The Good That Comes From Blogging

I wanted to talk about some of the positive aspects of blogging today. We just had parent conference last week, and I was able to pull up the students work on the computer while talking to the parents. The next day several of the students came to school with stories about how they discovered their parents reading their essays that night. Interestingly, we were writing about the moral code that they live by, and I think several of the parents were surprised to find out that their children claim to live by the code of the street. Hopefully, as we continue to blog I will have more stories like this.

Many of my students are parents as well and as such sometimes can't make it to school on a regular basis. Apparently, they get time off after they give birth. Because of the blogs and email I have been able to keep in contact with these students so that they don't fall too far behind.

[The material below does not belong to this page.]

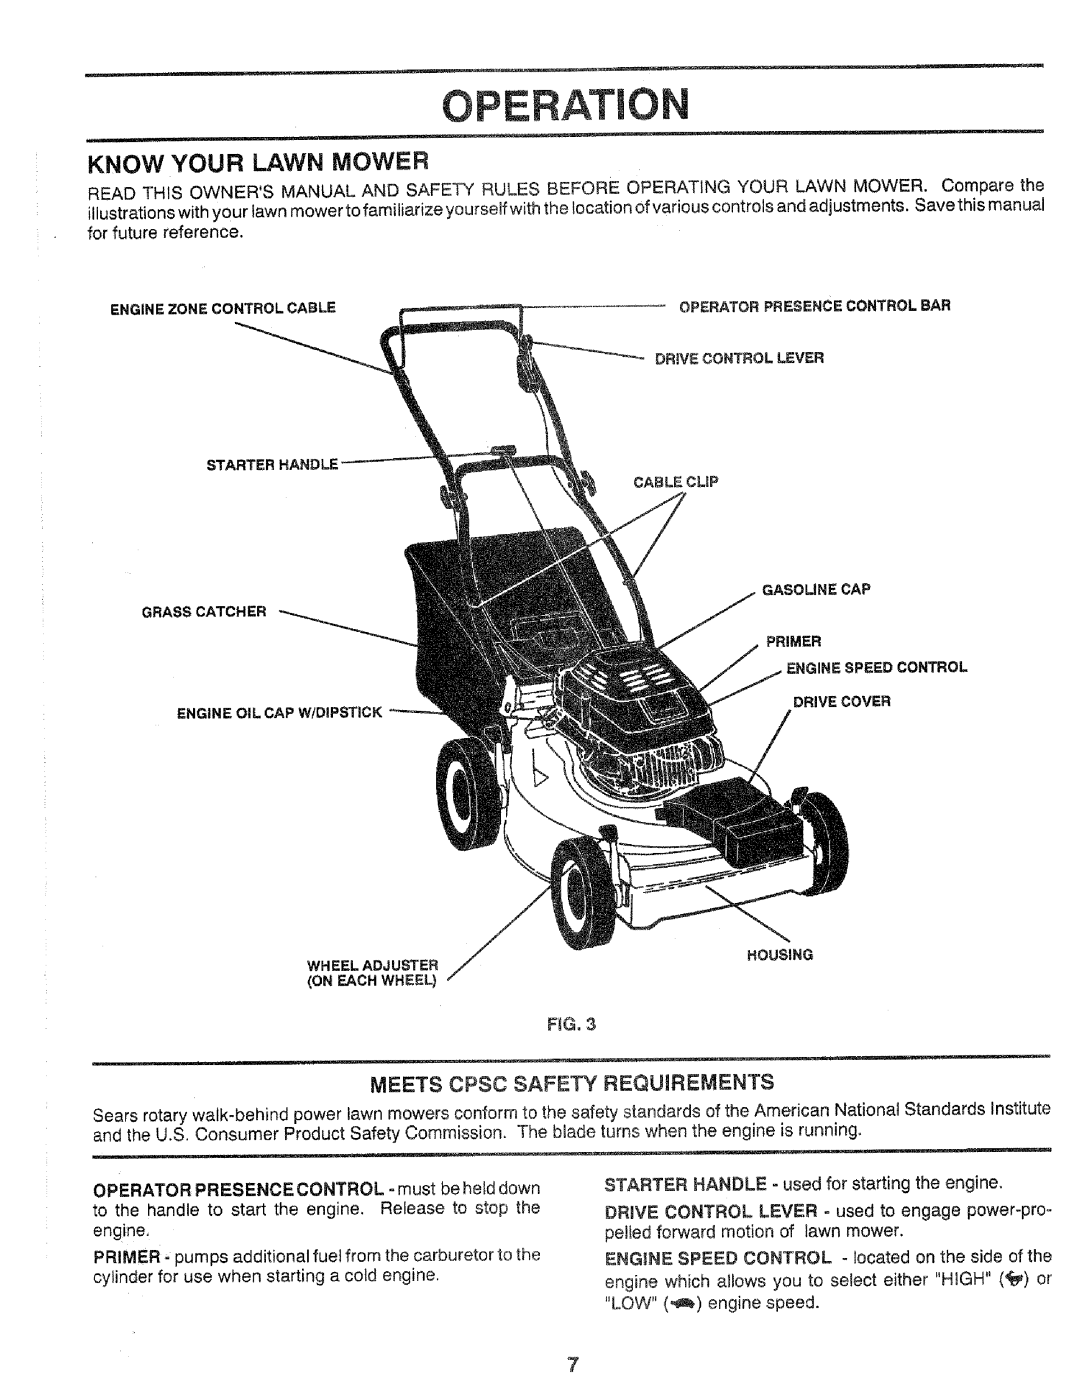 Craftsman 917.37248 owner manual Operation, Know Your Lawn Mower, Meets Cpsc Safety Requirements

And now a less touching tale of classroom management. As a language arts teacher I have frequently had conflicts with students about whether they met a deadline for drafts of their papers. It should be mentioned at this point that I suffer from certain filing deficiencies and rarely had evidence to support my side. This led to many a compromise reulting in partial credit and excused assignments. I am now having the students turn in their drafts to the blogs. Since a date is affixed when it is posted in has minimized such arguments. Of course this gives the students until midnight to turn in their work, and in some case until 2:00 in the morning because they have the time set for Pacific and we live in St. Louis.

Another classroom management benefit is that students can no longer claim that they were afraid to turn their work into a sub. I no longer have to accept this excuse, and it was with a smug sense of satisfaction that I was able to say this to a student last week. Most of the time the work wasn't done to begin with and the sub was just an excuse of convenience.

As my management issues improve and student skill increases I hope to have more stories like this.